The data ▸
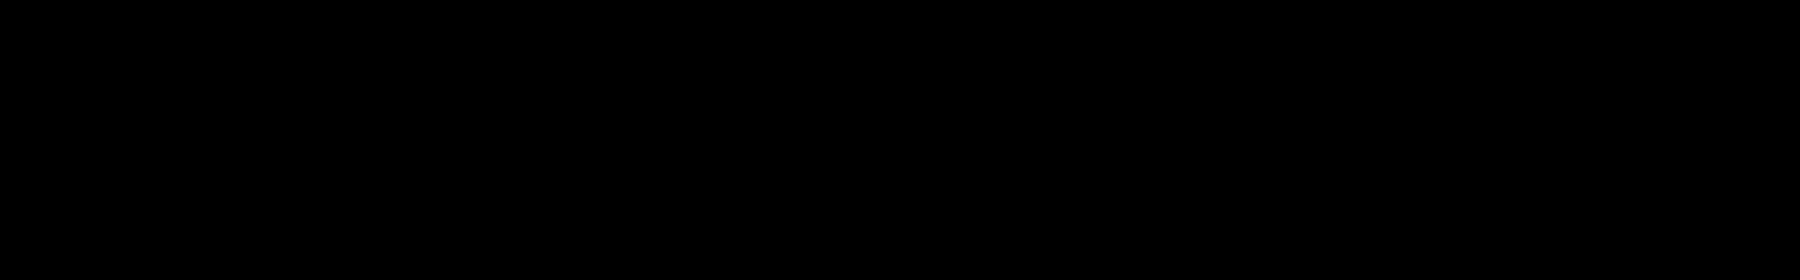 Blvckout Drill 3 audio waveform
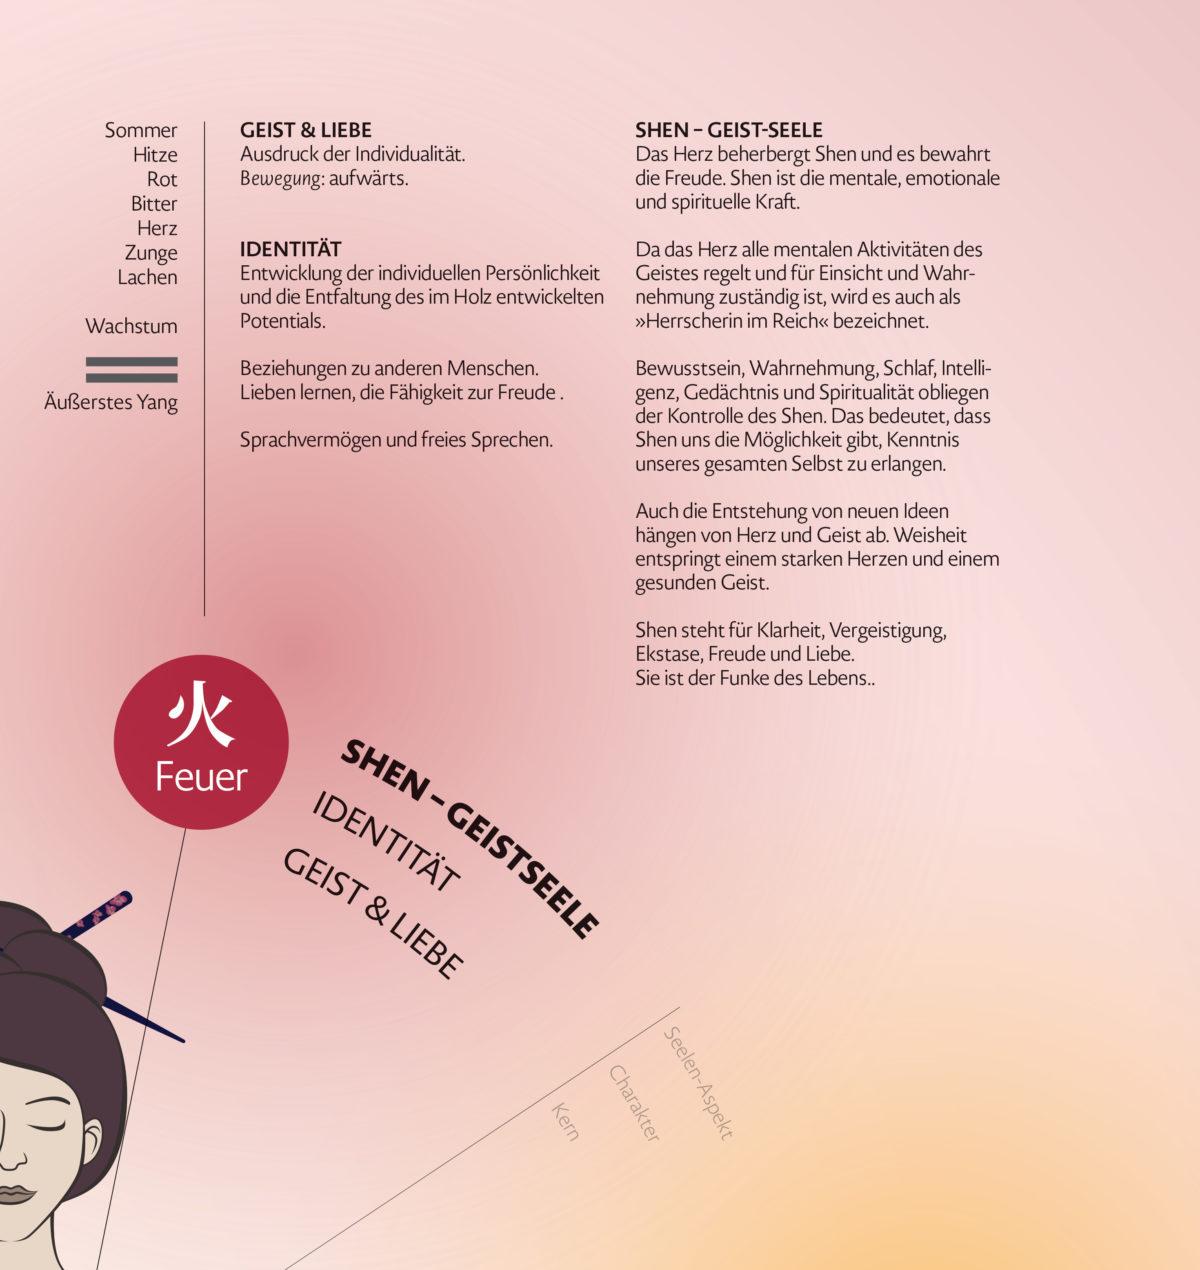 Infografik-Poster über die fünf geistigen Aspekte der Wandlungsphasen Wu Shen mit Beschreibungen des Charakters und des Seelenaspektes, Detail Feuer
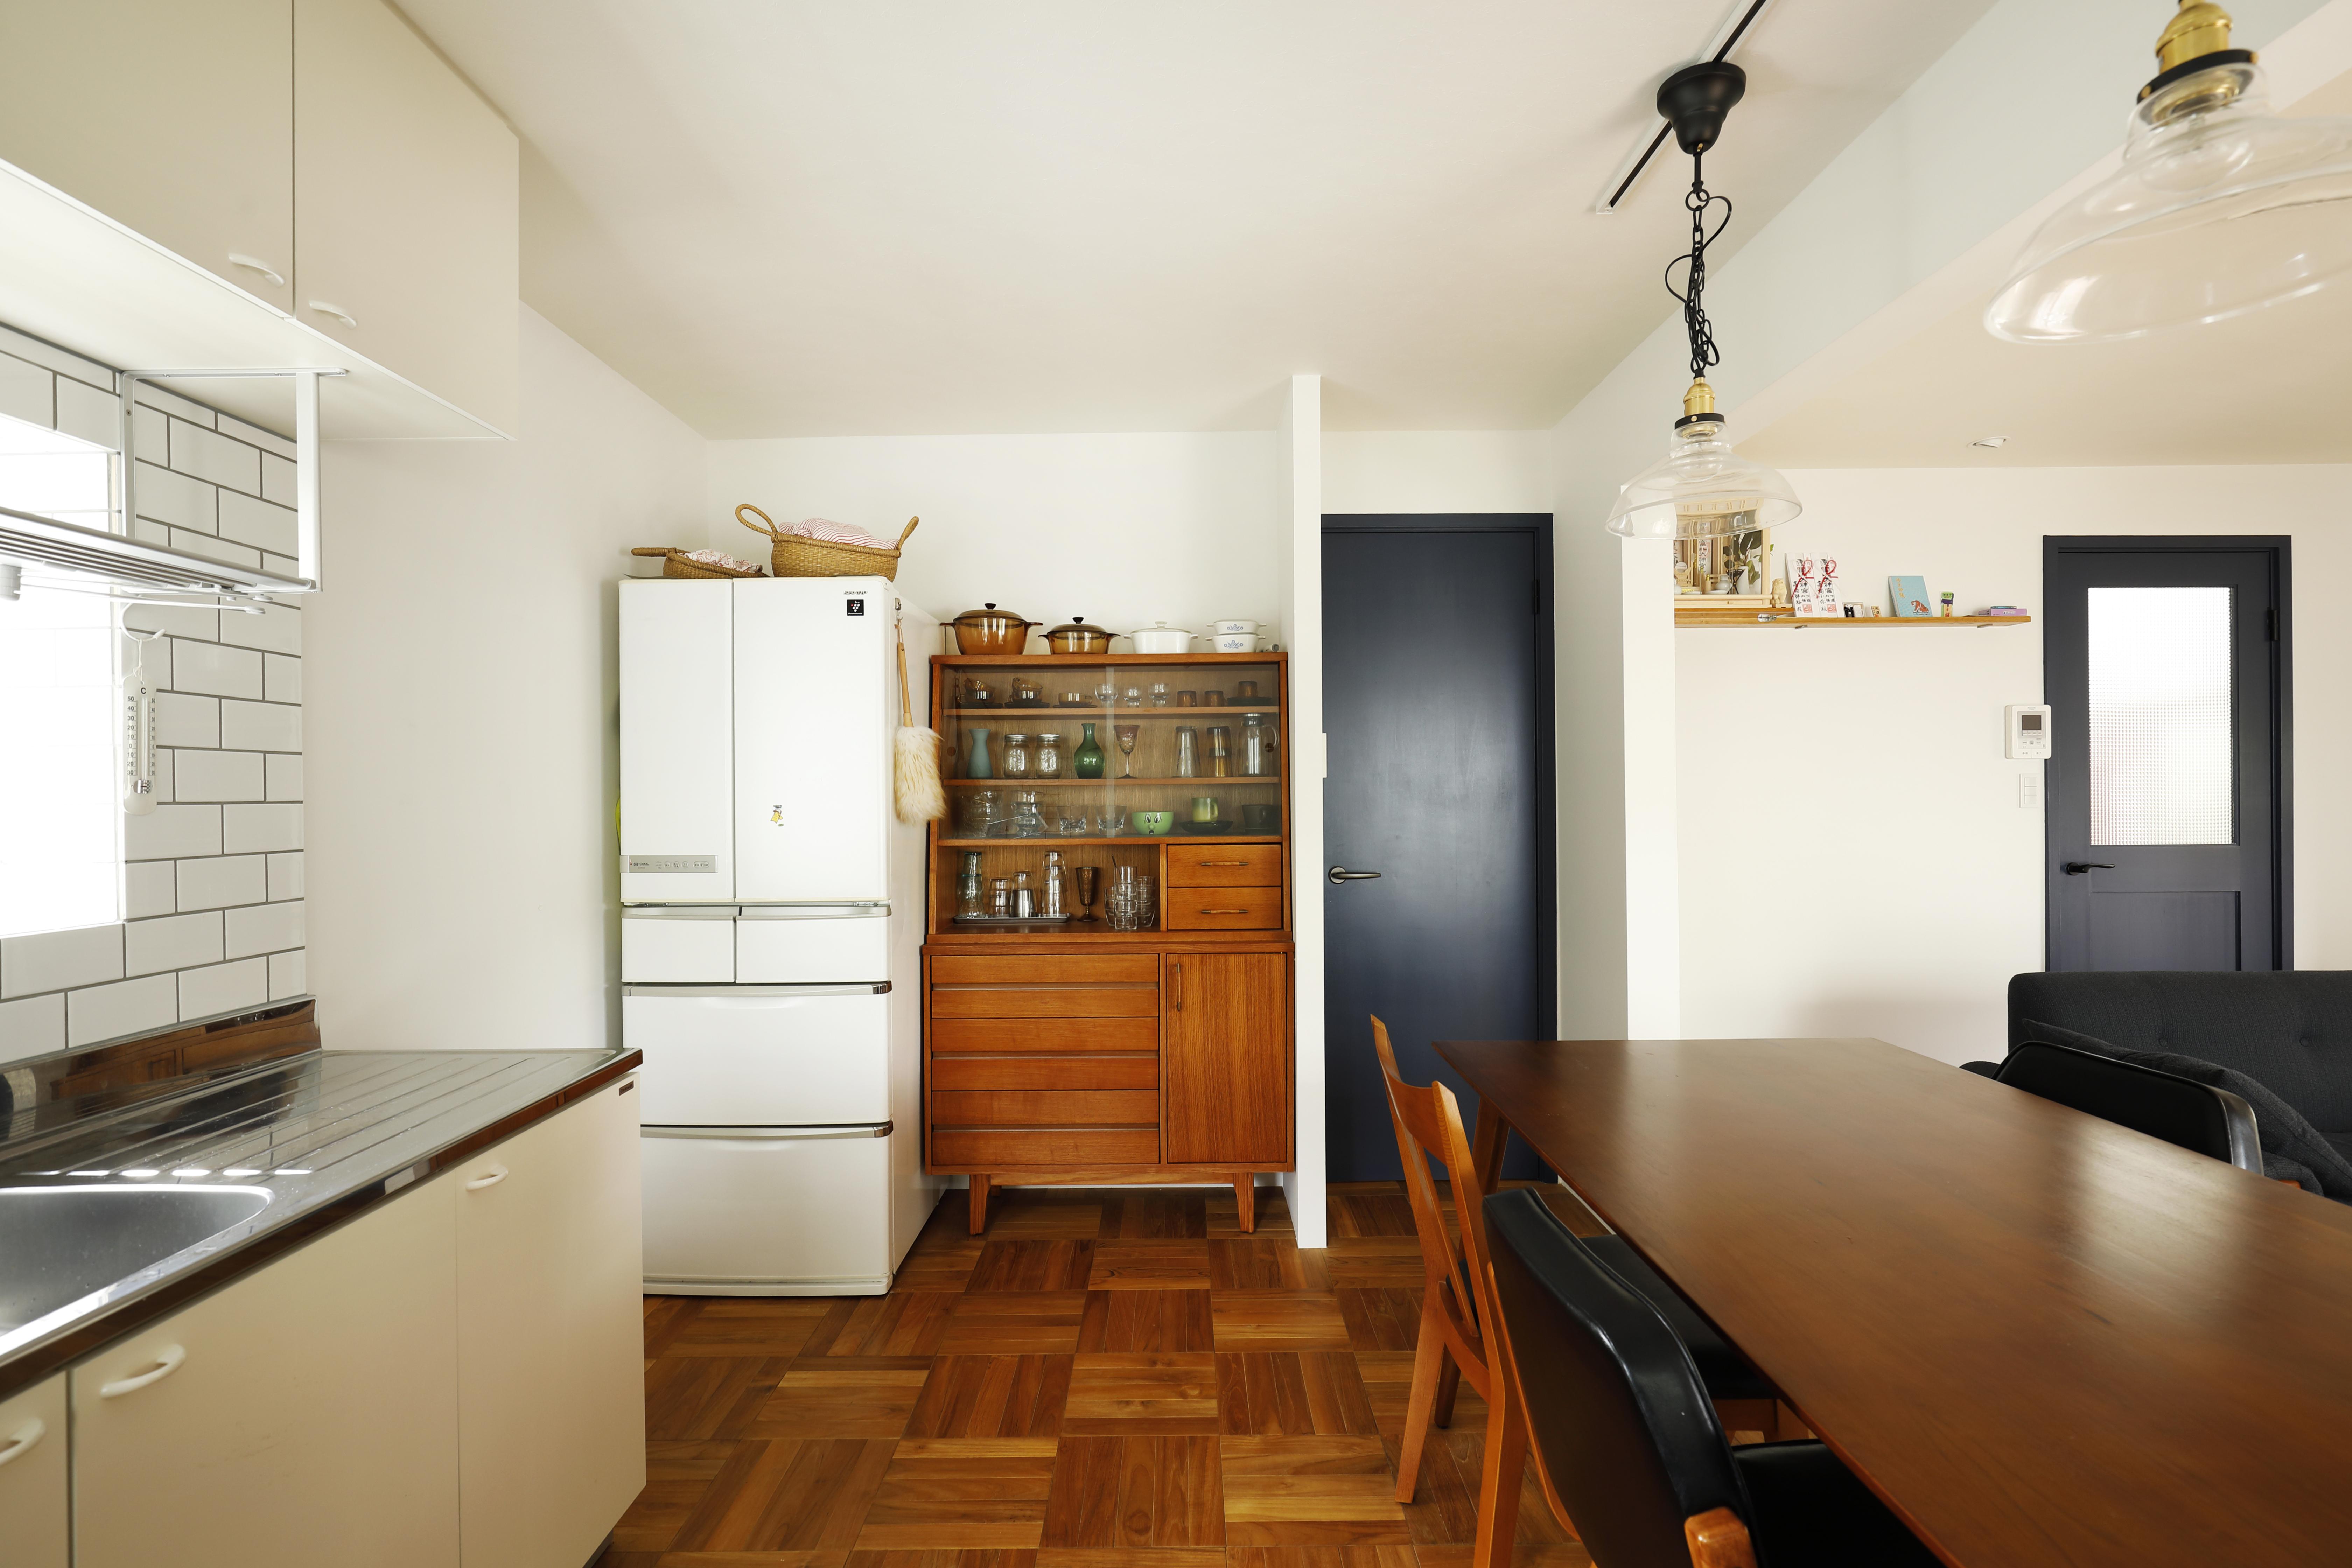 レトロ感溢れる食器棚

Task directions ▸ All of the lines above should be copied exactly, apart from the pictures.

Task response ▸
 Blvckout Drill 3 audio waveform
 Infografik-Poster über die fünf geistigen Aspekte der Wandlungsphasen Wu Shen mit Beschreibungen des Charakters und des Seelenaspektes, Detail Feuer
 レトロ感溢れる食器棚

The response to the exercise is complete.